Услышав последние слова, Анфиса ещё раз убедилась в
правильности своего решения. Этот мужчина всегда был об их детях.
— Ну… Знаешь, меня пиздец как колотит по этому поводу, но
мысли кое-какие есть.
— Да? — домыв последнюю вилку, Данил вернулся к обеденному
столу.
— Послушай… Я объявлю своим, что уезжаю в Калининград.
— Куда?! — глаза Смирнова округлились в удивлении.
— В Калининград, к бывшей сокурснице. Она, судя по соцсетям,
с мужиком развелась, ей тяжко. Поеду, так сказать, моральную поддержку
оказывать.
— А если кто-нибудь догадается с ней связаться?
— Даже я не знаю теперешнего номера Алёнки — мы с ней в ВК
списывались пару месяцев назад.
— Ну ты хоть её предупреди, — Данил подрулил к холодильнику
и, вытащив коробку с эклерами, протянул её Анфисе.
— Да предупрежу, конечно, но не думаю, что кому-то придёт в
голову меня проверять.
— А если Эмилия подумает, что ты поехала в Питер?
— Обязательно подумает, но билет до Калининграда я
предъявлю. Она, вероятнее всего, предположит, что я дам крюк и полечу к
Зеленову, вызвонит его и обязательно выцепит в Москву, сообщив, что я ушла в
загул на дальние дистанции, — женщина невесело усмехнулась. — Сергей как
когда-то порядочный отец, скорее всего, приедет, чем обезопасит Полинку. По
крайней мере, я бы руководствовалась такой логикой. В любом случае, я не
собираюсь полагаться на авось: позвоню Сергею и всеми правдами и неправдами
спровоцирую его приехать домой.
— Ты снова всё просчитала? — Смирнов взял из коробки второй
эклер.
Анфиса тяжело вздохнула.
— Смирнов, если бы я просчитывала всё как какое-нибудь
детище Тьюринга, уже давно придумала бы, как спасти детей и себя от угрозы. На
самом деле, когда речь идёт обо мне самой, я безнадёжная дура, — Анфиса сняла с
плиты закипевший чайник и под одобрительный кивок Данила залила пакетик чёрного
чая в его чашке. — Дань, очень просто просчитывать, когда дело тебя не
касается, поэтому мы так легко анализируем книги, фильмы, чужие жизни. А как
себе помочь, так обезьянка с тарелочками в голове. Знаешь, игрушки такие?

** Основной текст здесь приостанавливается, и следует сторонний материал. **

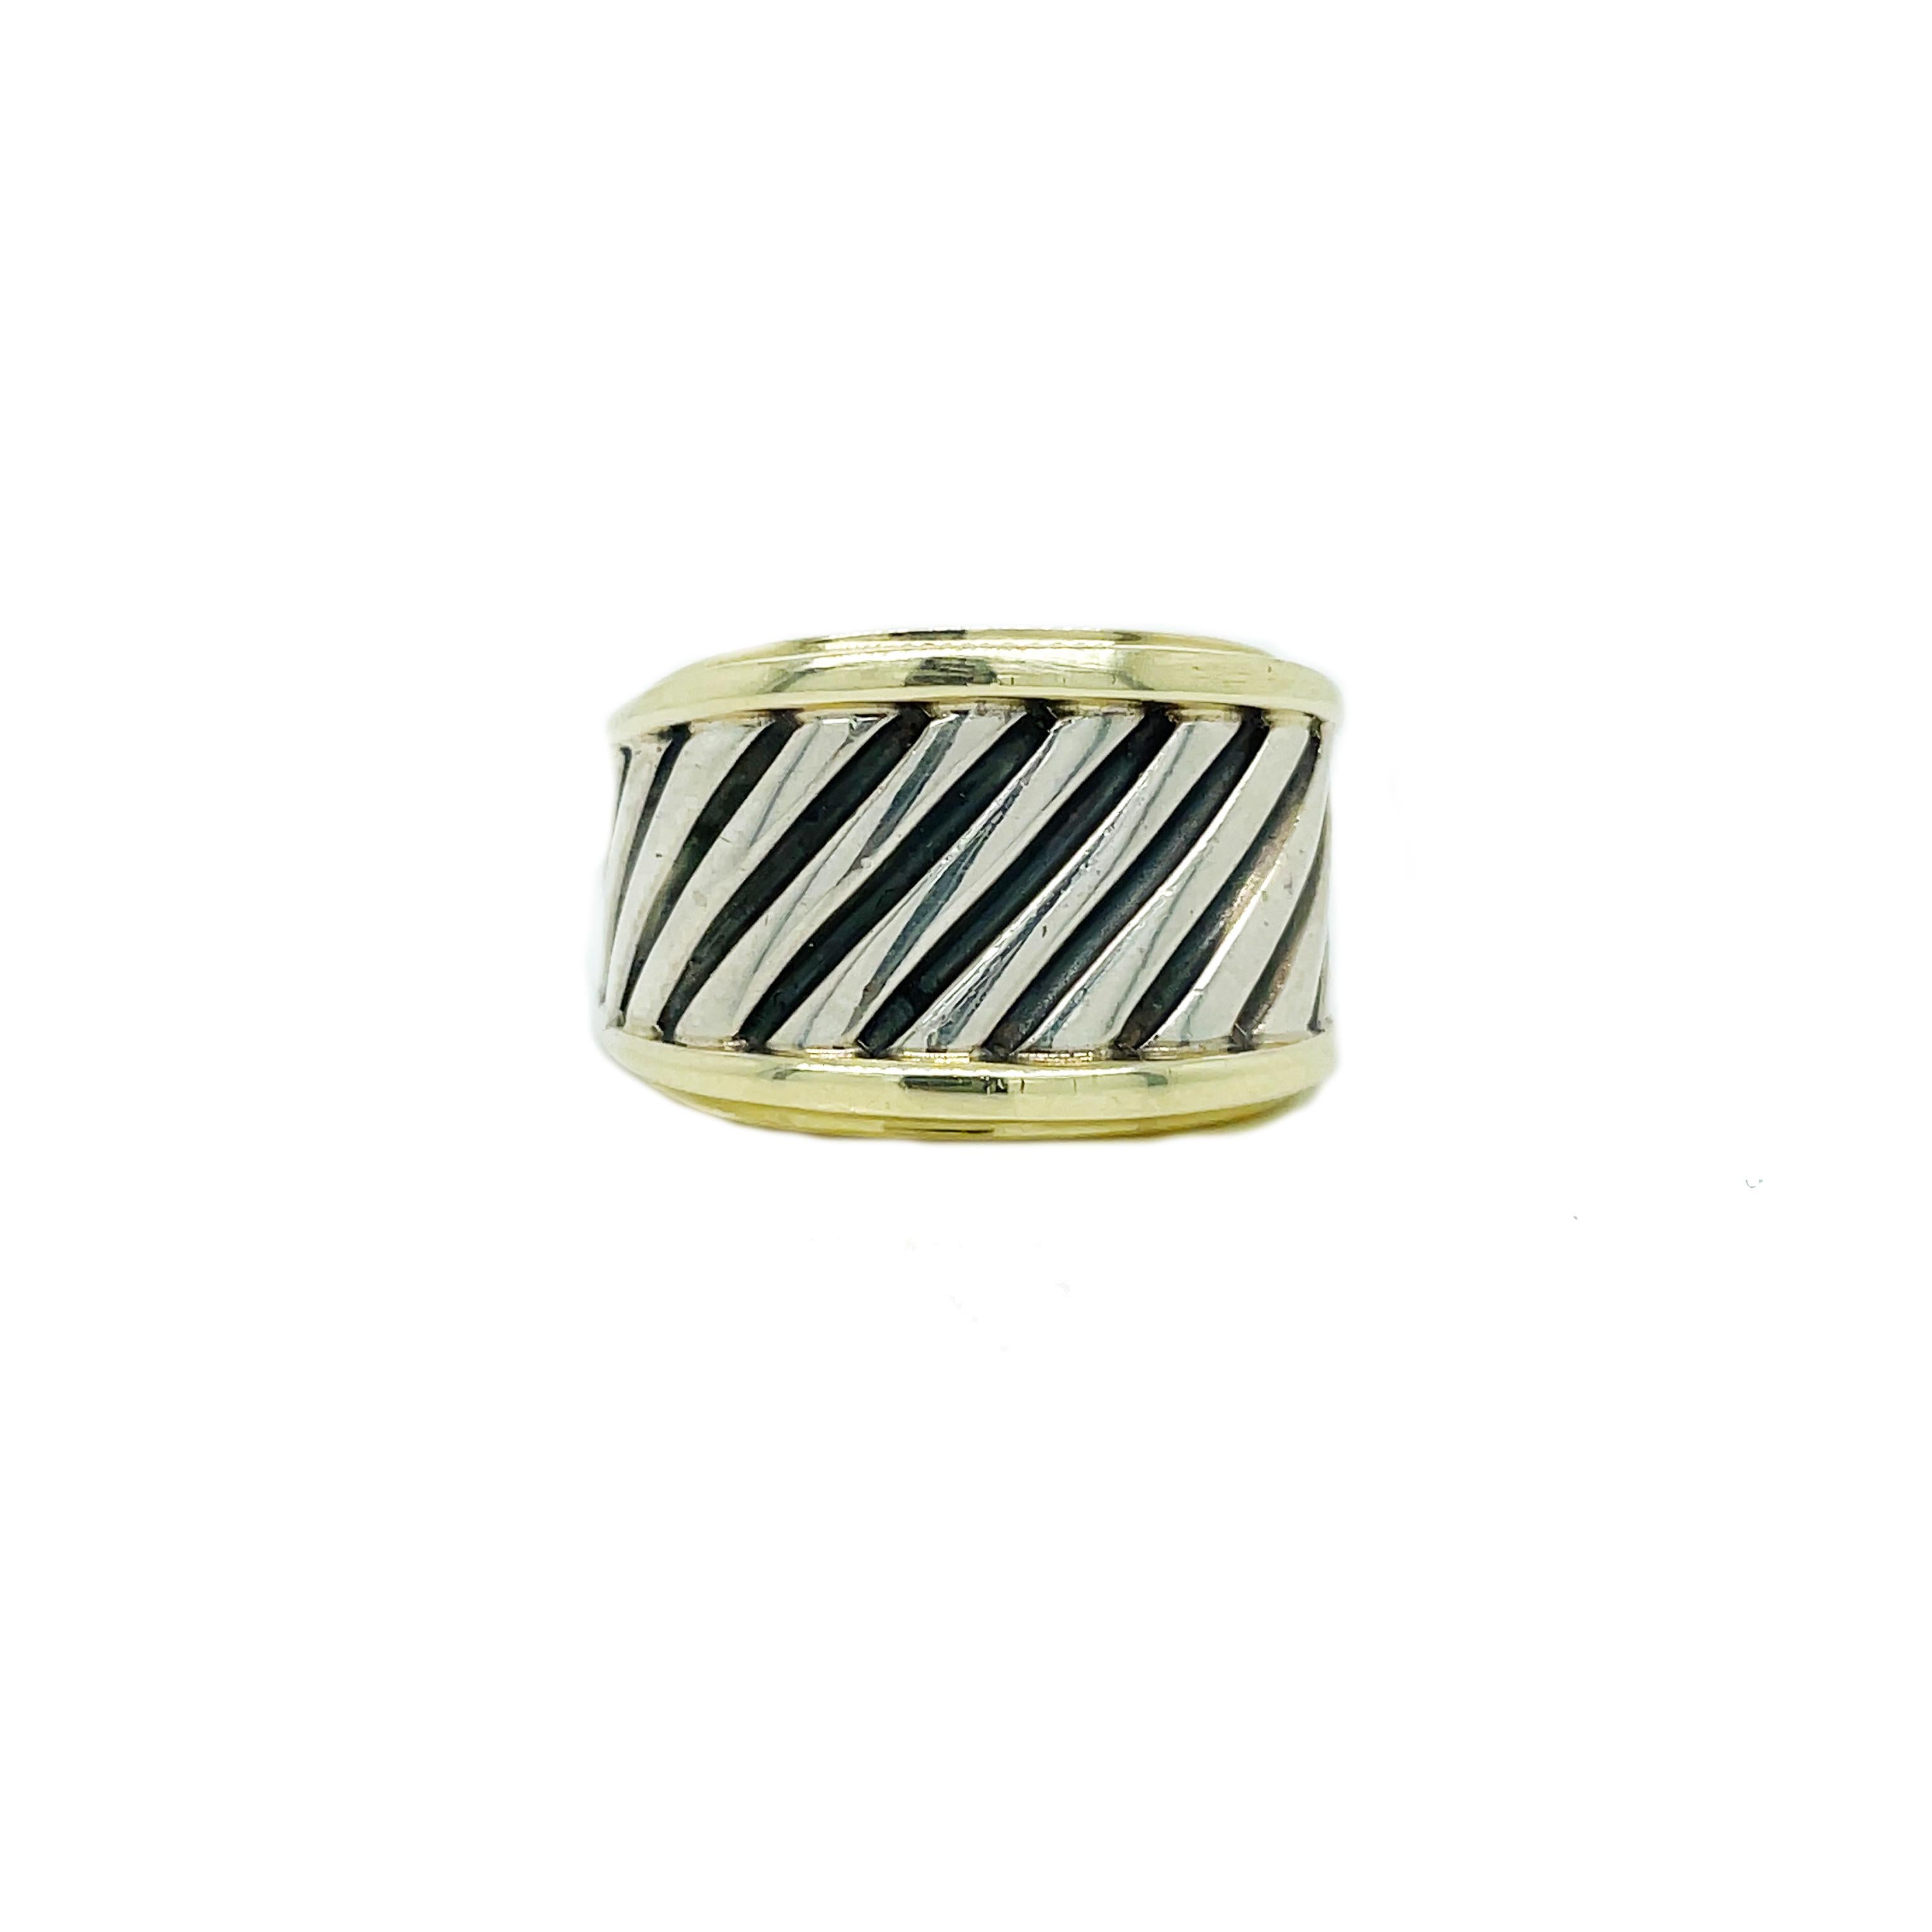 This is a classic David Yurman ring set in 14K yellow gold and bright sterling silver with a wide band and twisted cable design!  It is crafted of sterling silver and 14K yellow gold and has a simple but elegant design. The top is a rectangular
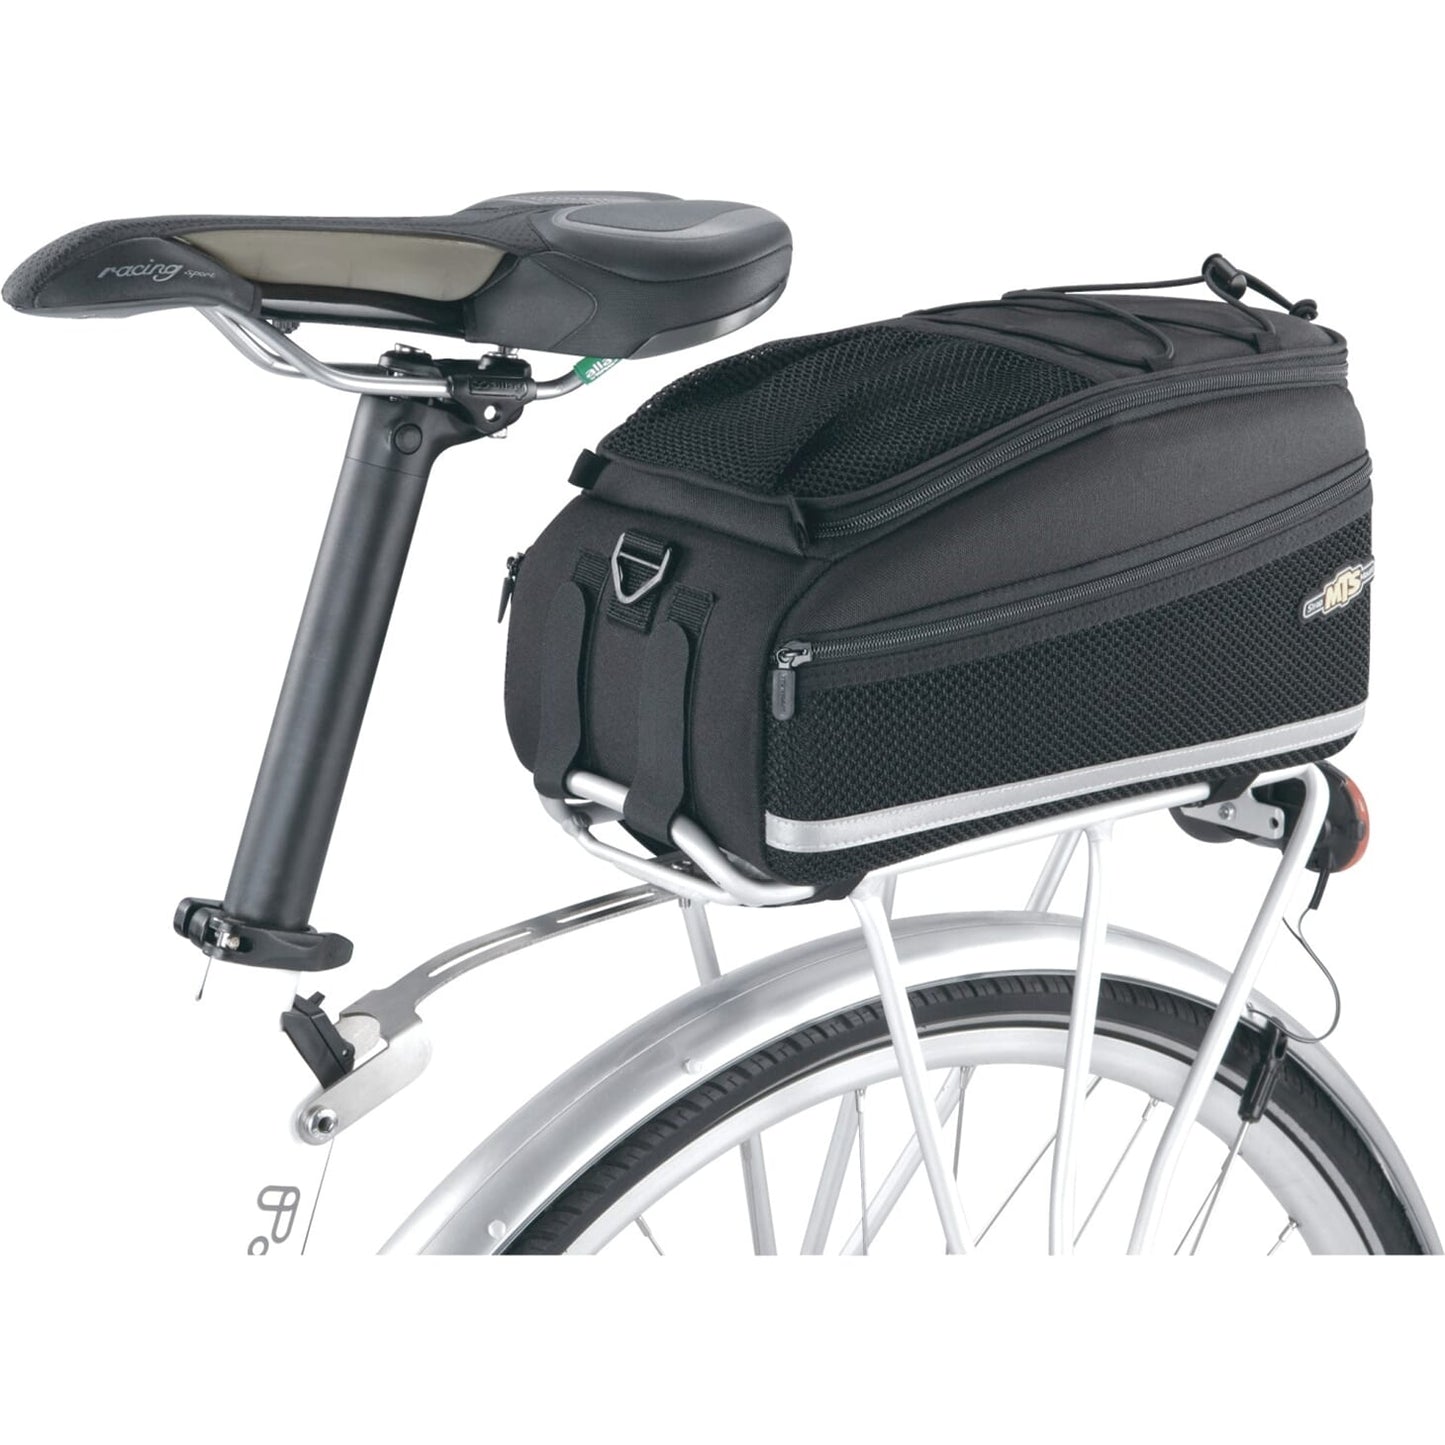 Topak Dragertas MTS BASS TRUNK EX - Backpack in bicicletta Nero 8L

Данилу стало стыдно. Нет, он всё-таки не только инвалид, но
ещё и мудак. Вместо того чтобы в очередной раз сказать спасибо и попытаться
помочь, сидит и подтрунивает над Воробьёвой. А ведь ещё неизвестно, у кого из
них ситуация тяжелее. От него требуется научиться жить без ног и найти работу.
Но его жизни, здоровью, ментальному состоянию никто не угрожает. Более того, он
знает, что Яська и Кирюша тоже, в общем-то, в безопасности. А вот Анфиса
постоянно боится не только за себя, но и за детей.
Нет, всё-таки мудак. Запустив пятерню в отросшие волосы,
Смирнов шумно выдохнул.
— Анфис, придумаем что-нибудь. Мы что-нибудь придумаем.